Les îles Hawaii sont constituées par de grands volcans basaltiques, éteints et en partie démantelés par l'érosion à l'ouest et au
centre, mais encore actifs dans l'est de l'île d'Hawaii où se trouve le plus grand volcan actif du monde, le Mauna Loa (4 169 m), flanqué
à l'est du plus petit Kilauea (1 248 m), aux fréquentes et spectaculaires éruptions. C'est en effet à l'extrémité sud-est de l'archipel que
se situe le « point chaud » qui perce la plaque océanique du Pacifique et par où ont été et continuent à être émises les gigantesques
quantités de laves qui ont constitué la dorsale hawaïenne. L'énorme empilement des coulées de basaltes, fluides lorsqu'ils sont en
fusion, donne des cônes aux formes douces mais aux dimensions impressionnantes. Le Mauna Kea, point culminant de l'archipel (4 205
m), comme le Mauna Loa figurent parmi les montagnes les plus puissantes du globe si l'on considère qu'ils s'élèvent depuis un fond
marin à — 5 000 mètres ou — 6 000 mètres.
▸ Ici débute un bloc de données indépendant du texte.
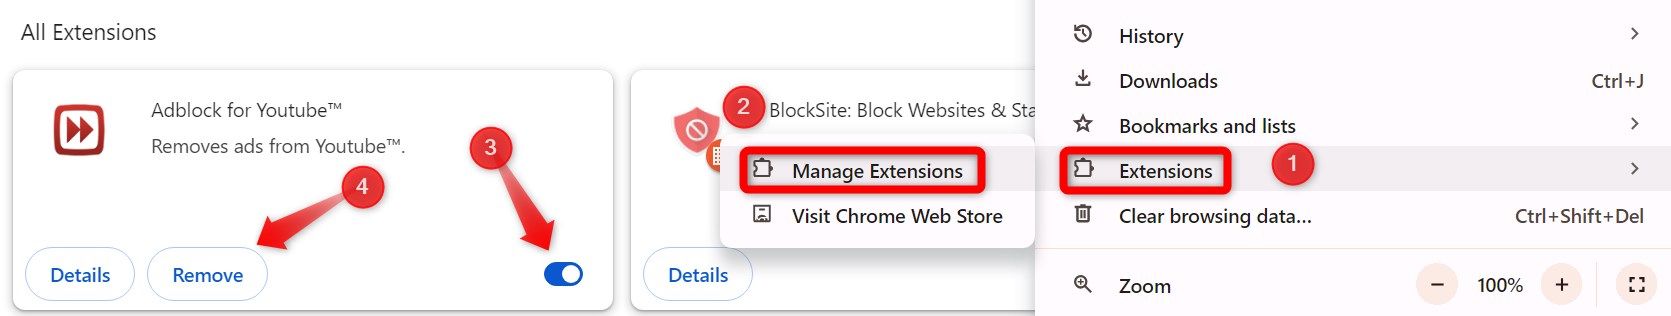 Disabling or removing an extension in Chrome settings.
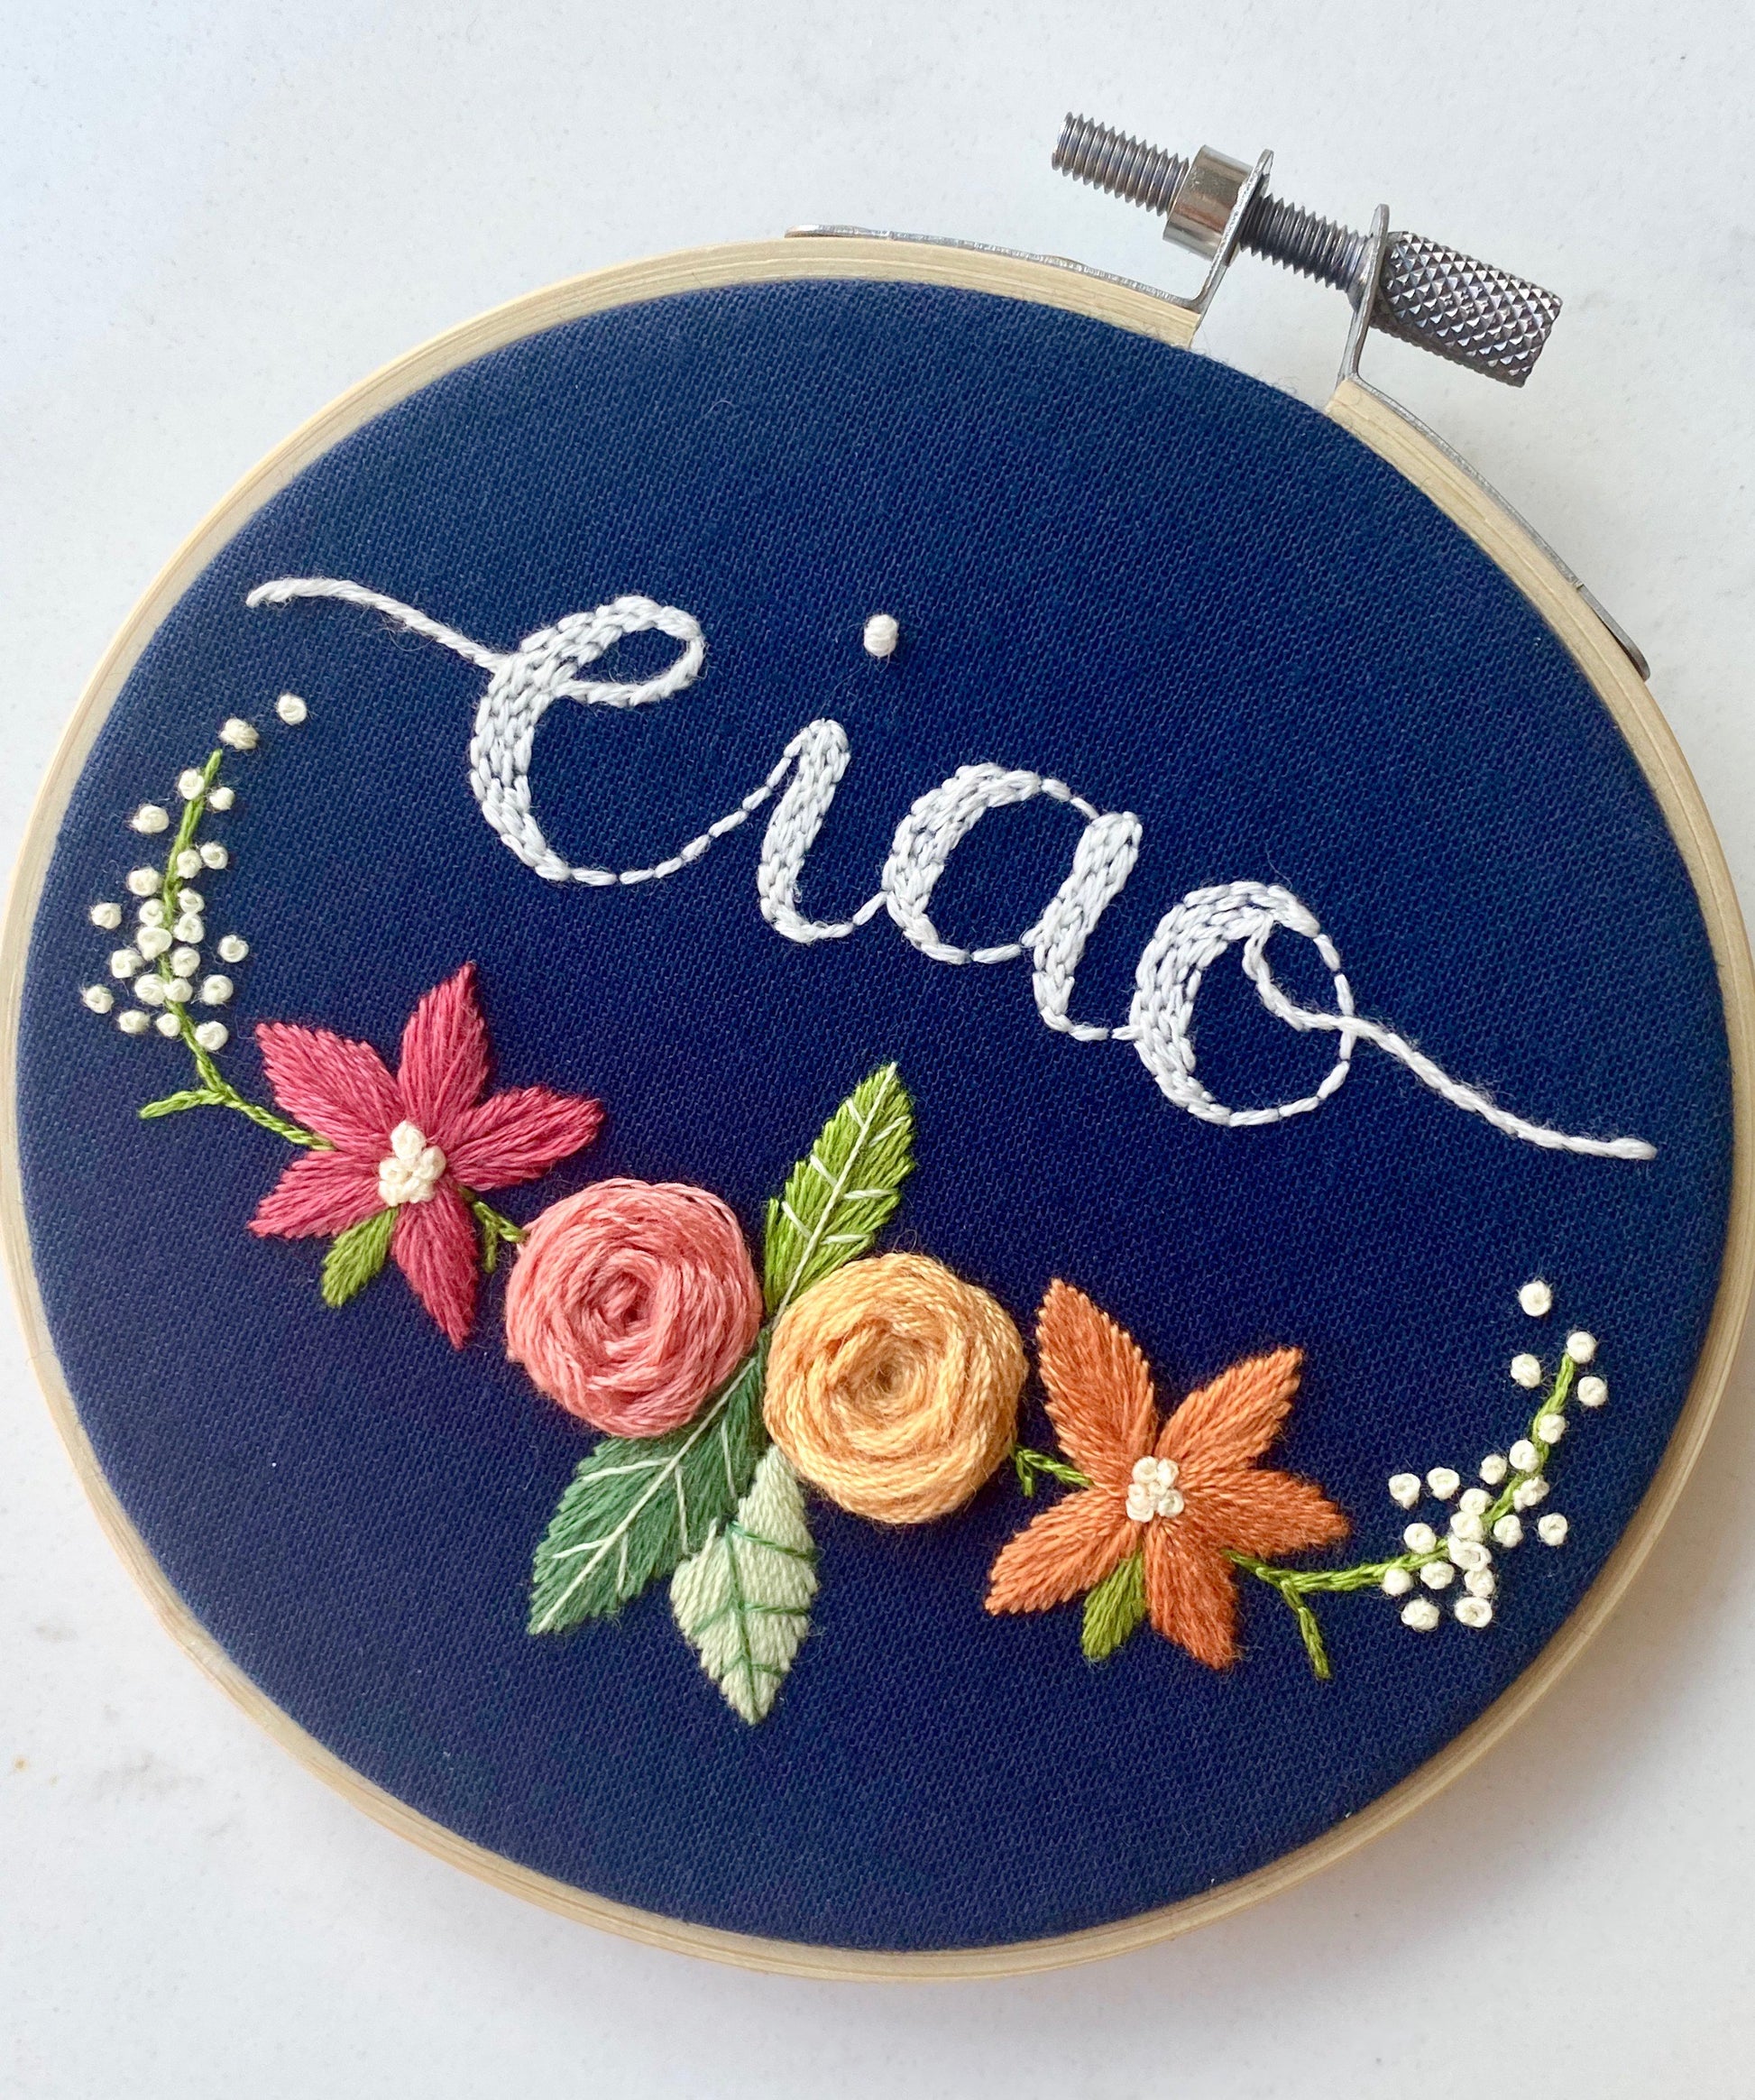 Ciao Embroidery Hoop

Dans l'île d'Hawaii et dans l'est de Maui (volcan Haleakala, 3 055 m), ce sont les paysages
de construction volcanique qui l'emportent, même si quelques formes spectaculaires d'érosion apparaissent (vallée de Waipio au nord
de l'île d'Hawaii). Dans les autres îles au contraire, à part quelques petits cônes de scories aux formes très fraîches qui témoignent
d'une reprise très récente de l'activité (Diamond Head dominant Waikiki à Oahu), ce sont les paysages nés de la destruction des
édifices volcaniques par l'érosion et les affaissements tectoniques qui dominent, avec de véritables canyons (Waimea à Kauai), de
grandes falaises (nord de Molokai) et abrupts ( pali), plus ou moins verticaux sur des hauteurs considérables.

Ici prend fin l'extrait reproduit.